Это произошло месяца два назад. Я приносил на занятия съемки эпизодов, там был театр, вгиковские съемки. И мне педагог по монтажу сказала, что вырисовываются две истории: история про «Гоголь-центр» и история про ВГИК. И тогда я понял, что надо сделать фильм, снятый на айфон, что это единственный путь, когда у тебя все забрали и остался только телефон. Я словно спустился в каменный век и по стене палочкой водил! Но я был должен это сделать. Это уже стало художественной акцией: показать фильм о ВГИКе во ВГИКе, который запретил снимать то, что я хотел. В итоге этот фильм оценивали люди, которые видят себя на экране.
— Знает ли Кирилл Серебренников о вашей истории?
— Я думаю, что он в курсе, но я понимаю, что Кирилл Семенович занимается своей работой и отвлекать его не хочется. Но я думаю, что если бы он был с чем-то не согласен, то он бы сообщил. С ним и с его театром я бы точно не хотел ссориться.
— Есть мнение, что вы так себе режиссер и просто таким образом пытаетесь хайпануть и придать своим работам вес. Что вы об этом думаете?
— До тройки за этот дипломный фильм я шел на красный диплом. Я все свое время посвящал учебе. А по поводу шумихи — спасибо ВГИКу, потому что ничего не возникло бы, если бы не они. Я просто хотел снять свой фильм, но это посчитали неприличным. Теперь меня в Gogol school пригласили мастером, а в группе по подготовке я был самым младшим. Недавно у меня была премьера в Амстердаме. Для концерта Гидона Кремера я снял часовое видео, где он с оркестром исполнял с оркестром музыку советского композитора Мечислава Вайнберга. У нас в августе премьеры в Швейцарии и дальше по всей Европе.
— Чем вы хотите заниматься дальше?
— Я хочу все-таки смонтировать свой фильм так, как я его видел и хотел сделать. Дальше? Благодаря этой истории мне написали какие-то продюсеры и телеканалы, которые предлагали встретиться и спрашивали о моих идеях. Надеюсь, что это будут адекватные люди, с которыми я буду работать дальше.

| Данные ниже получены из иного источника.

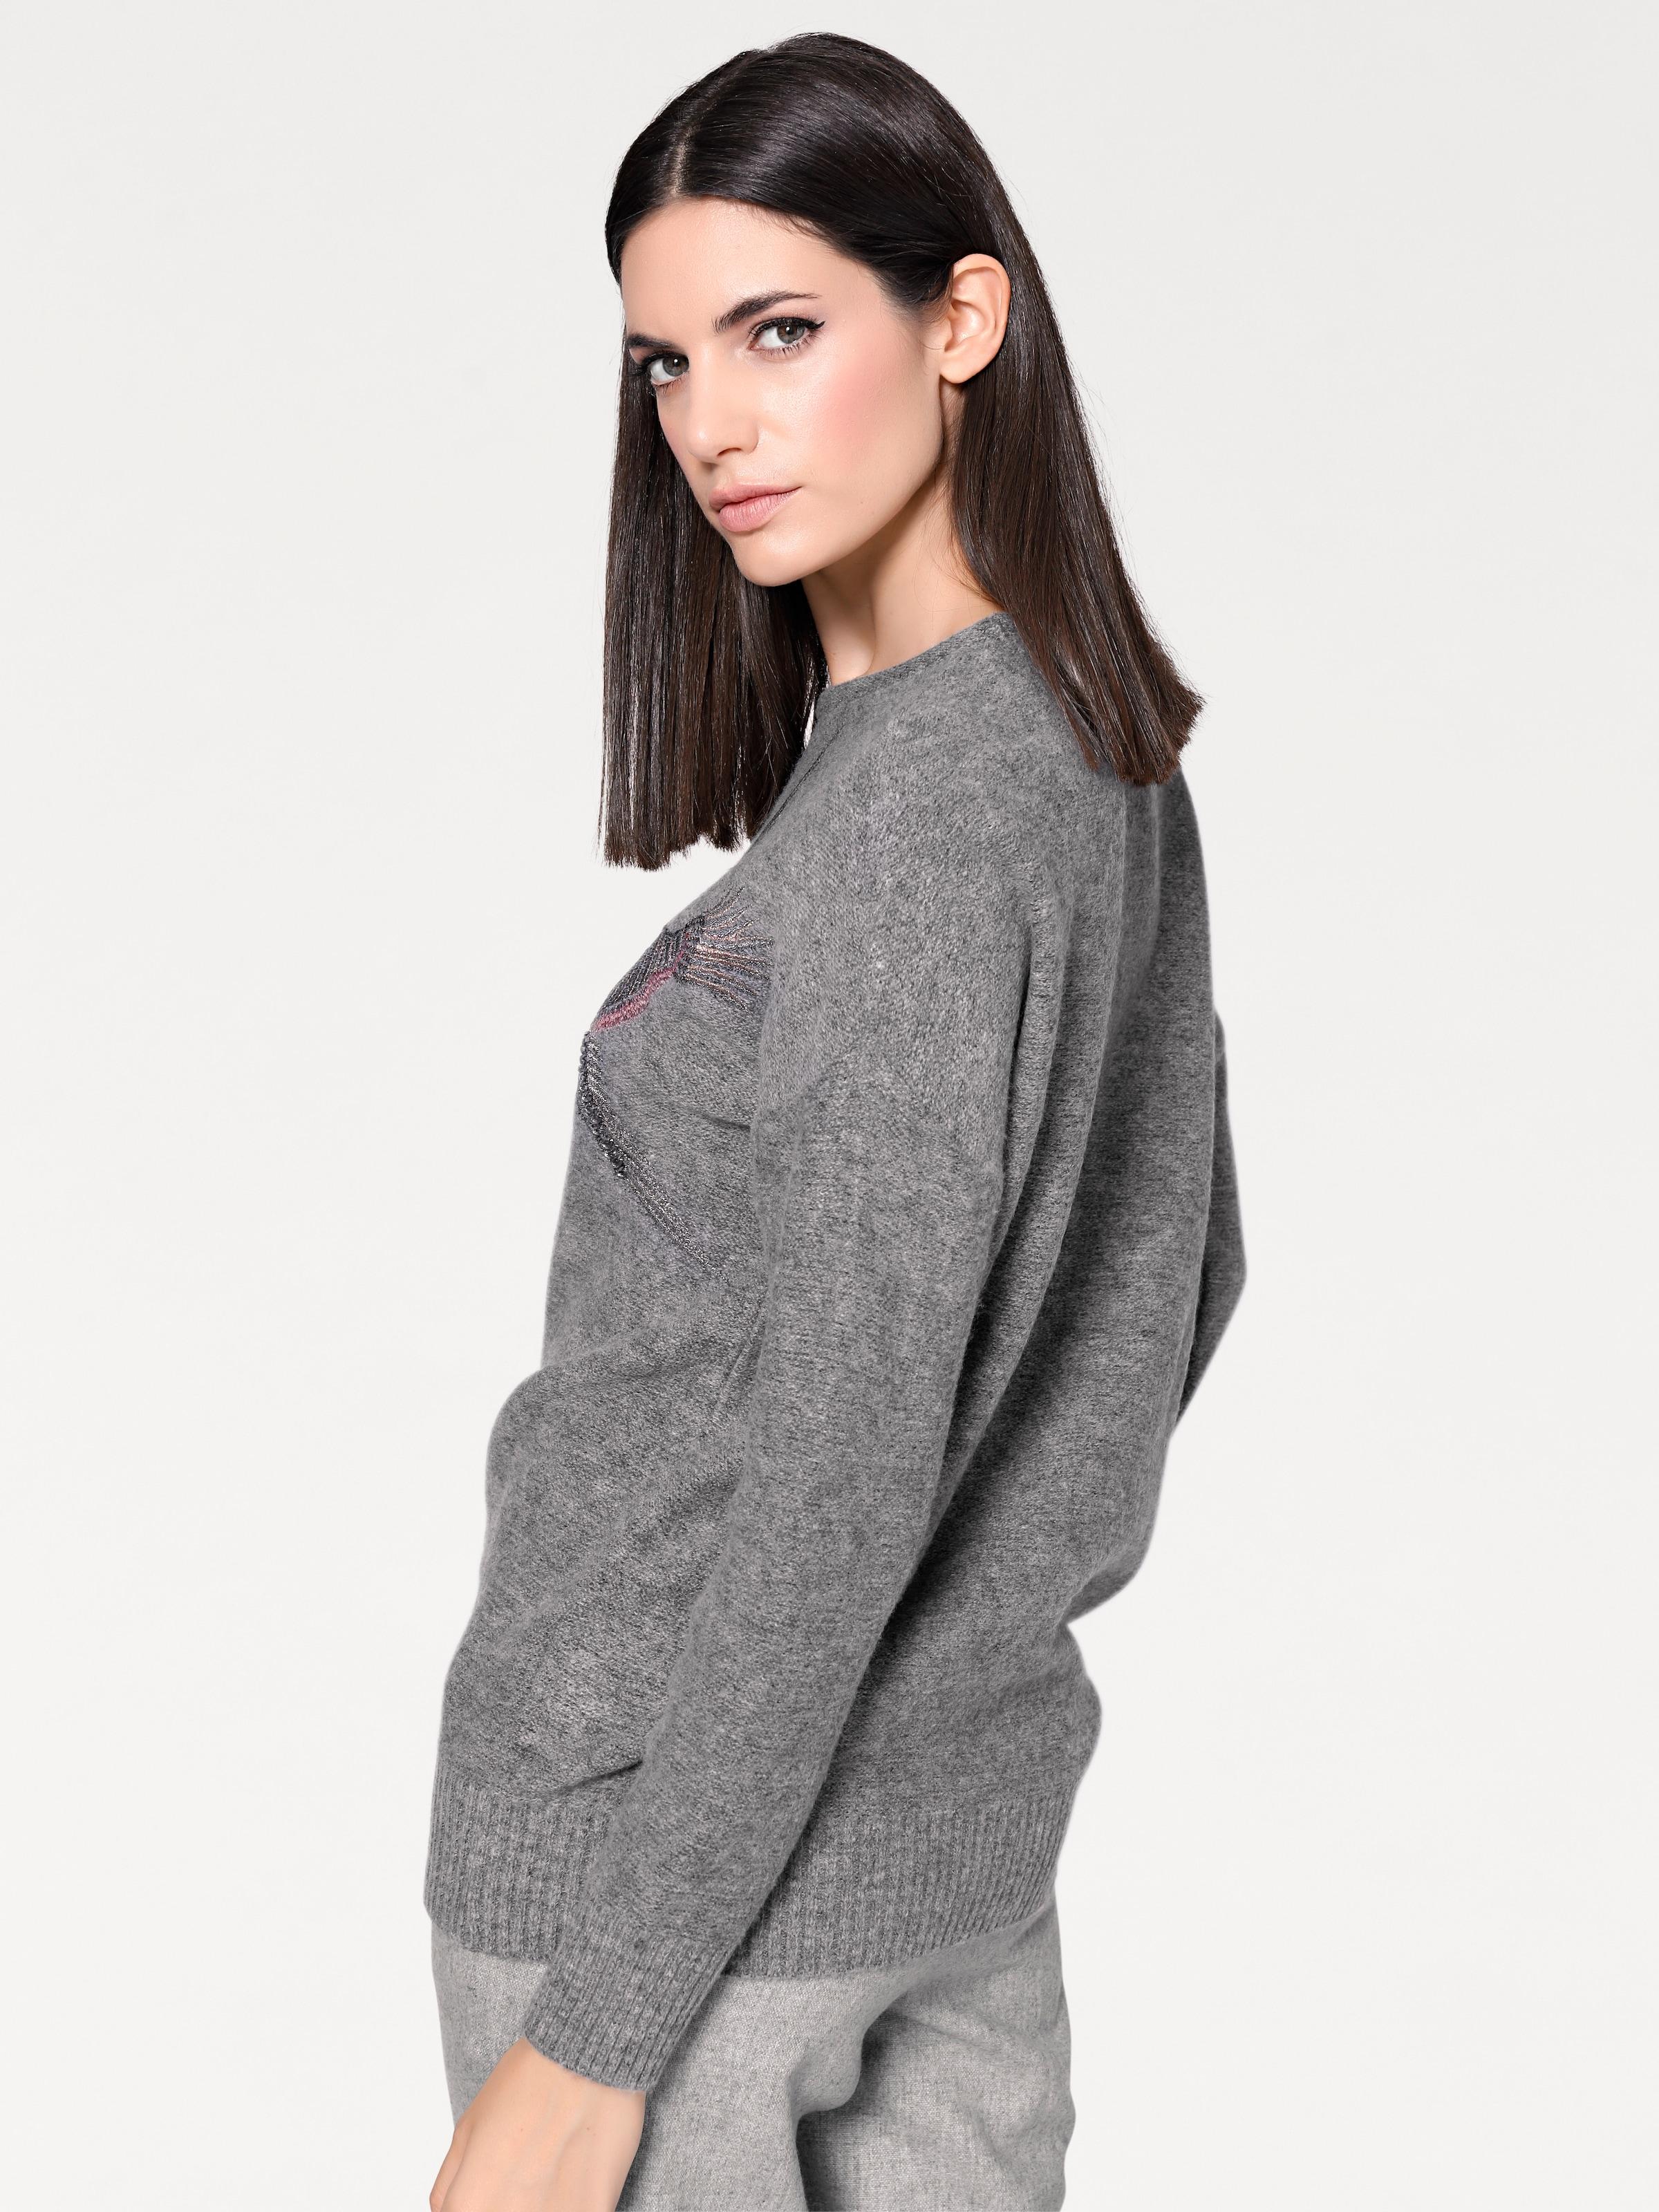 Graumeliert Pullover Heine Pullover Heine In Pullover Graumeliert In Heine FKc5ul31JT
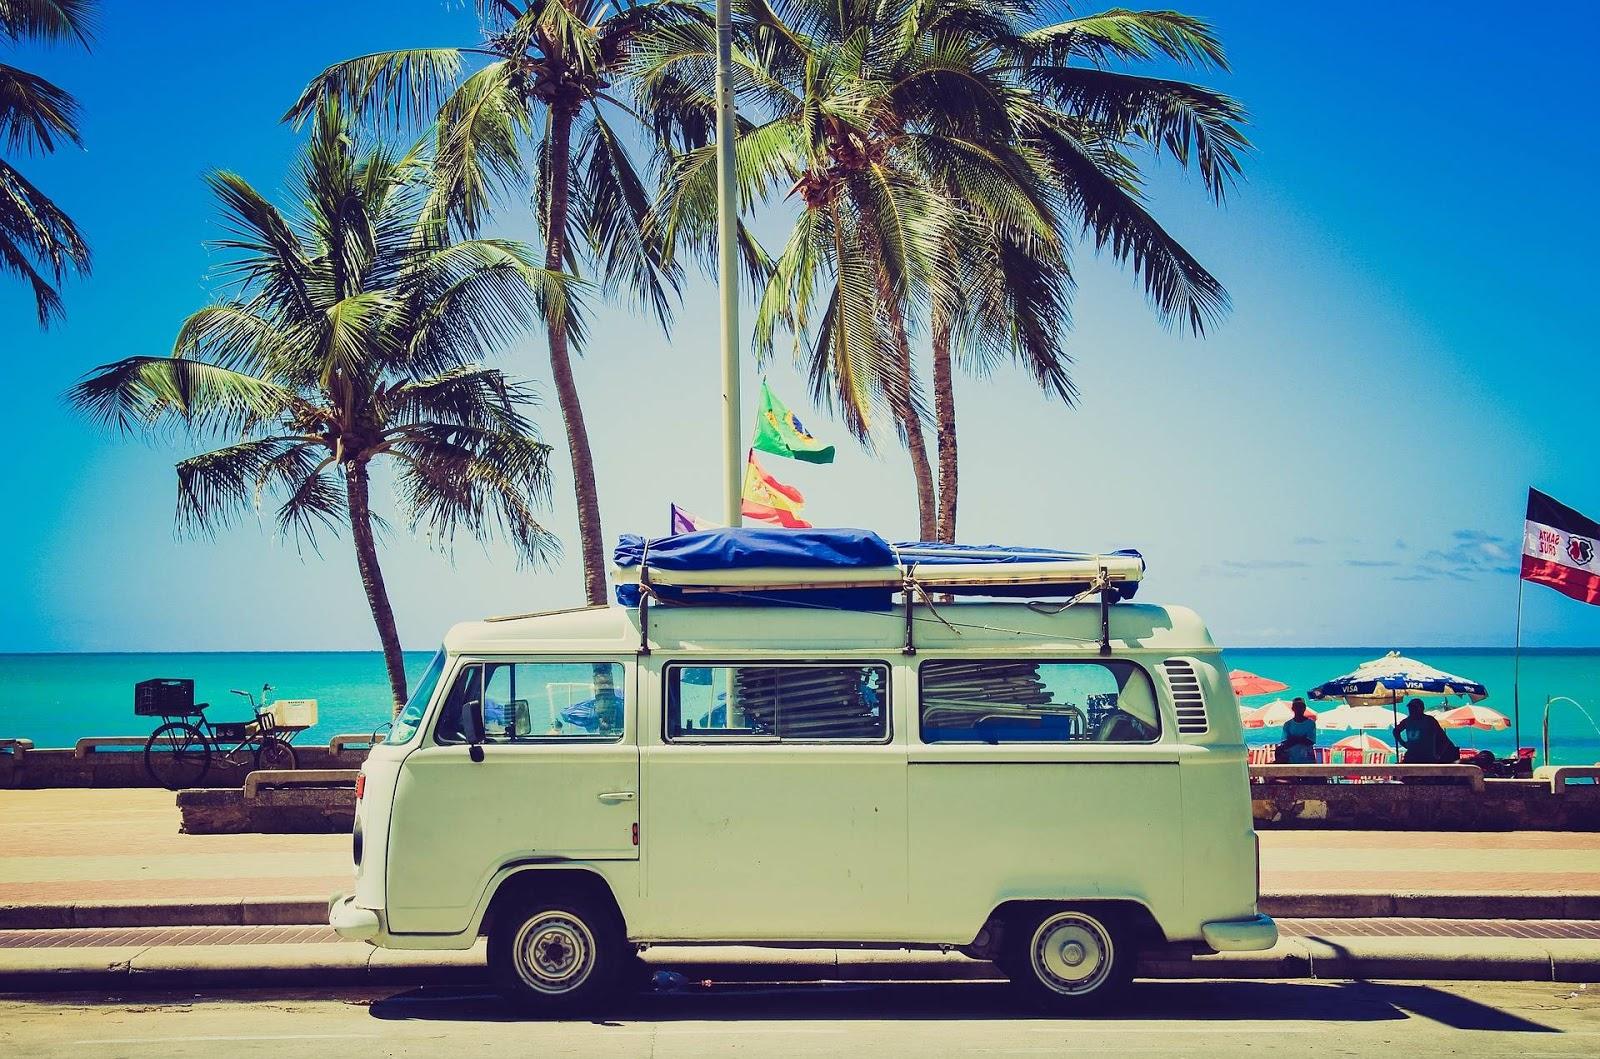 沖繩-交通-租車-自駕-推薦-公司-自由行-旅遊-日本-價錢-比價-省錢-Okinawa-Rental-Car-Japan

Потому что во ВГИКе мне сказали, что киносообщество меня не примет.
— А вот что про фильм «Семь» сказал выпускник ВГИКа и президент самого авторитетного в России документалистского фестиваля «Артдокфест» Виталий Манский:
«Я считаю, что авторство этого фильма должно восприниматься в большей степени как коллективное творчество. Ну согласитесь, кафедра документального кино запрещает своему студенту производить съемки учебного фильма прямо на заседании кафедры документального кино! Но ведь это само по себе гениально! Салтыков-Щедрин тихо курит в сторонке.
(…)
Вообще говоря, если бы ВГИК вместе со стенами обновил бы и внутреннее содержание, он бы за дипломную работу Артема Фирсанова поставил четыре (хорошо). А фильм показал бы на церемонии открытия фестиваля ВГИК или на своем очередном торжественном юбилее в Кремле».
Во ВГИКе отказались как-либо комментировать Daily Storm фильм Артема Фирсанова.